In the records below, the relevant part opens with the line containing "3 Bäume – signierter" and closes with the line containing "Beautiful landscape near"; print that part exactly and only, without its pictures.

• INPUT FOR THIS TASK
---

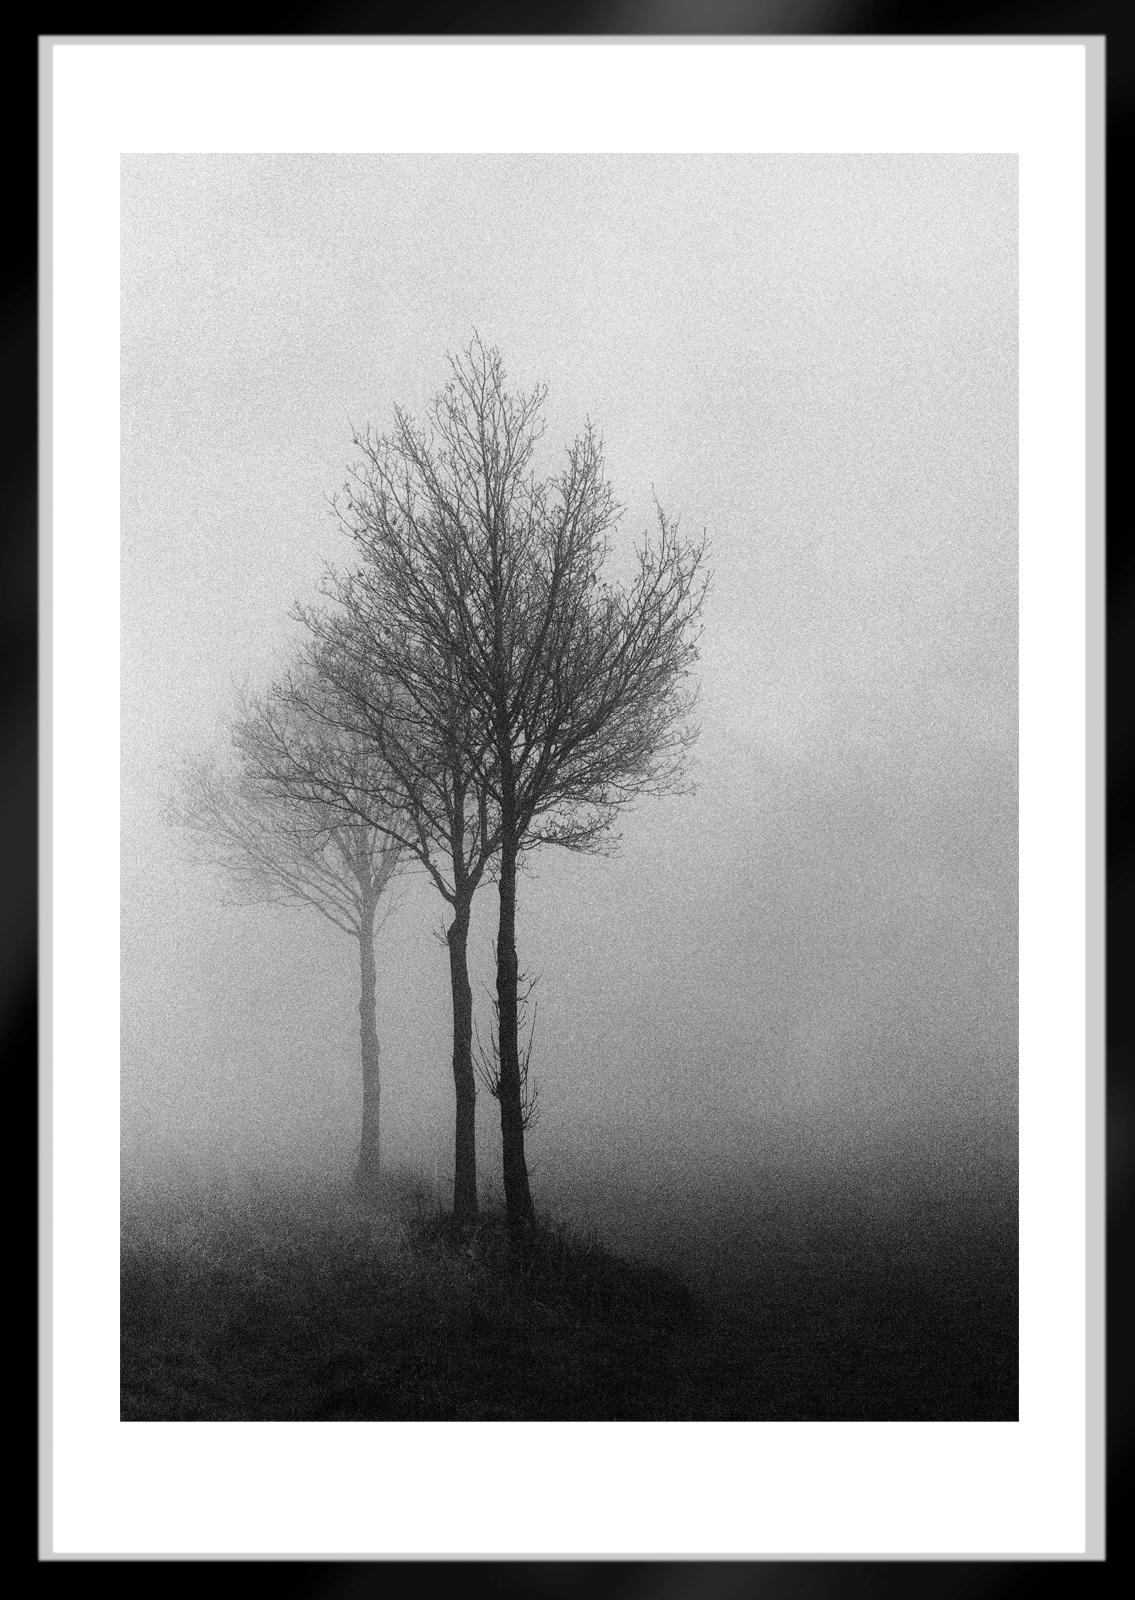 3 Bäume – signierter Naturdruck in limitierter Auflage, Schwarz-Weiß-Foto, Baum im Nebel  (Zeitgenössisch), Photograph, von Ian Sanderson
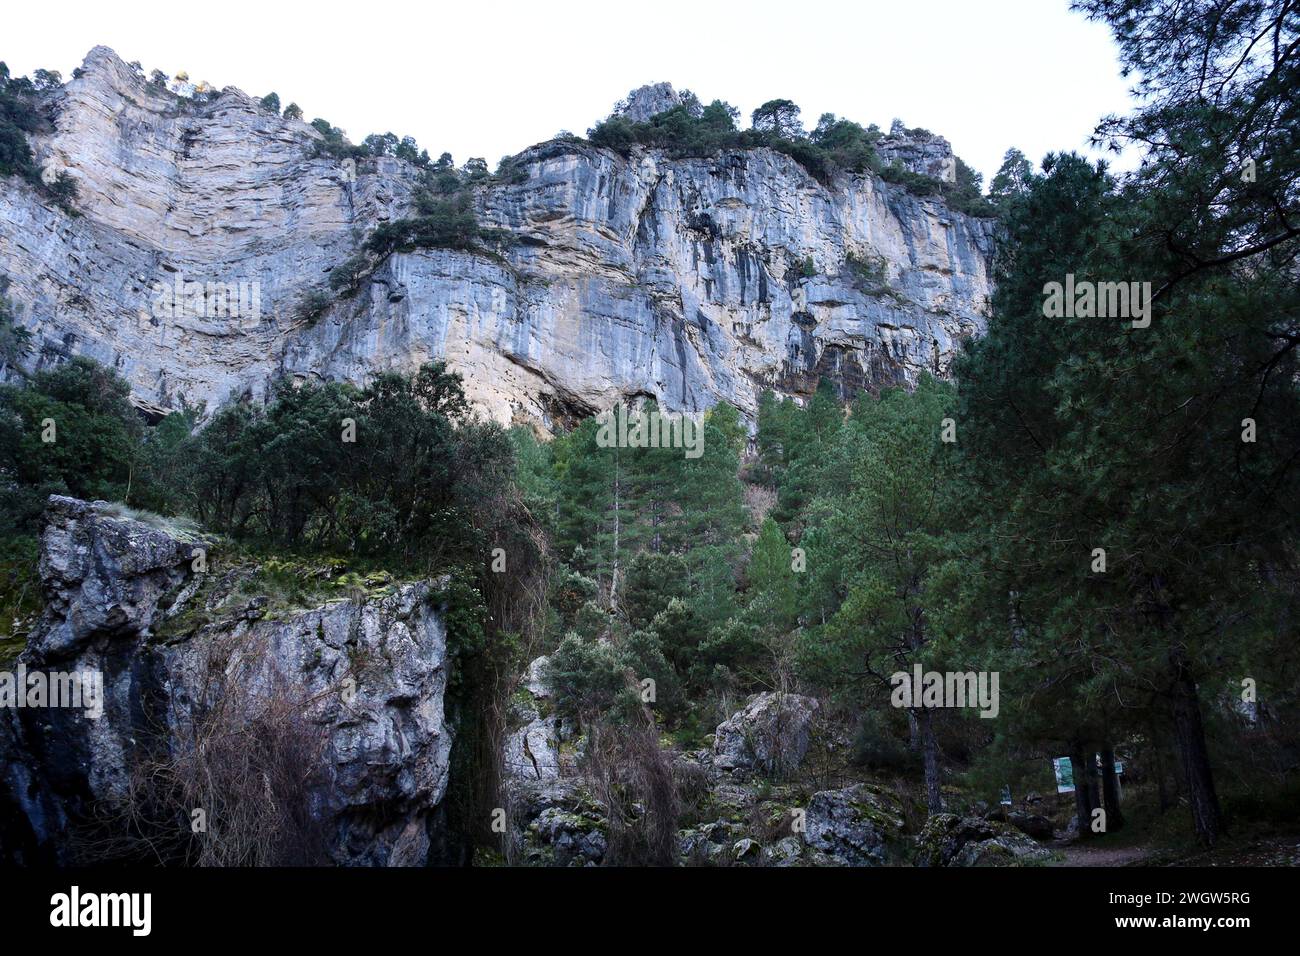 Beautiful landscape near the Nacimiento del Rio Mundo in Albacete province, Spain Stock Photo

---

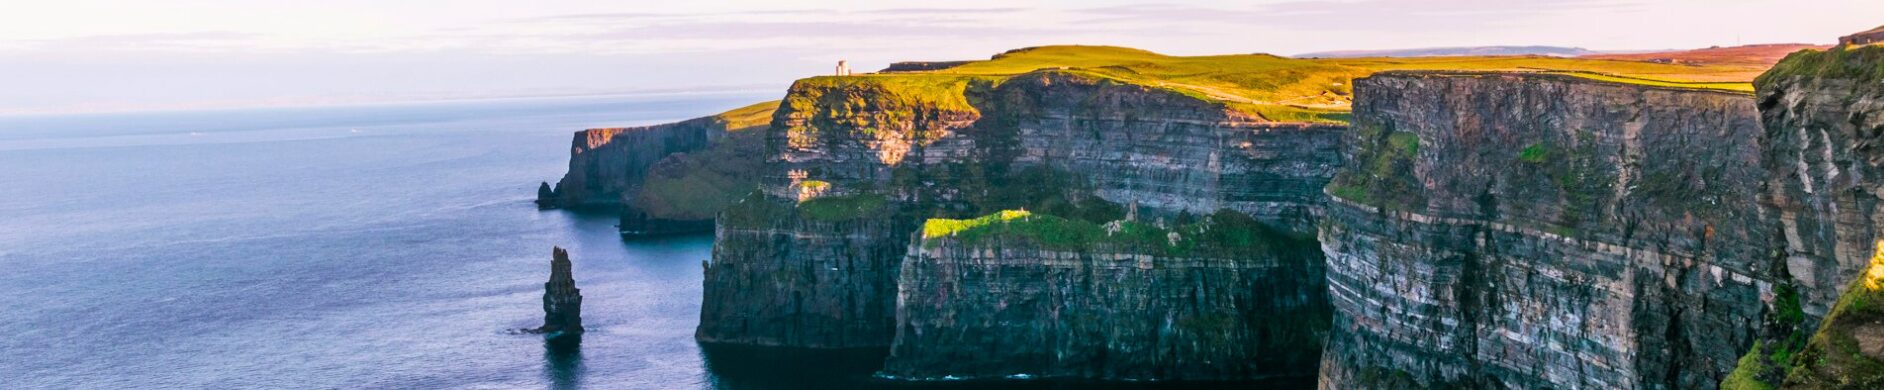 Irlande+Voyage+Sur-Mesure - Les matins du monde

---

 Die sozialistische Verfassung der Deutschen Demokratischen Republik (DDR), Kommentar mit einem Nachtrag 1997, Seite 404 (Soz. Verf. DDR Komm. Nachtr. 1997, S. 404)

---

• EXERCISE OUTPUT
 3 Bäume – signierter Naturdruck in limitierter Auflage, Schwarz-Weiß-Foto, Baum im Nebel  (Zeitgenössisch), Photograph, von Ian Sanderson
 Beautiful landscape near the Nacimiento del Rio Mundo in Albacete province, Spain Stock Photo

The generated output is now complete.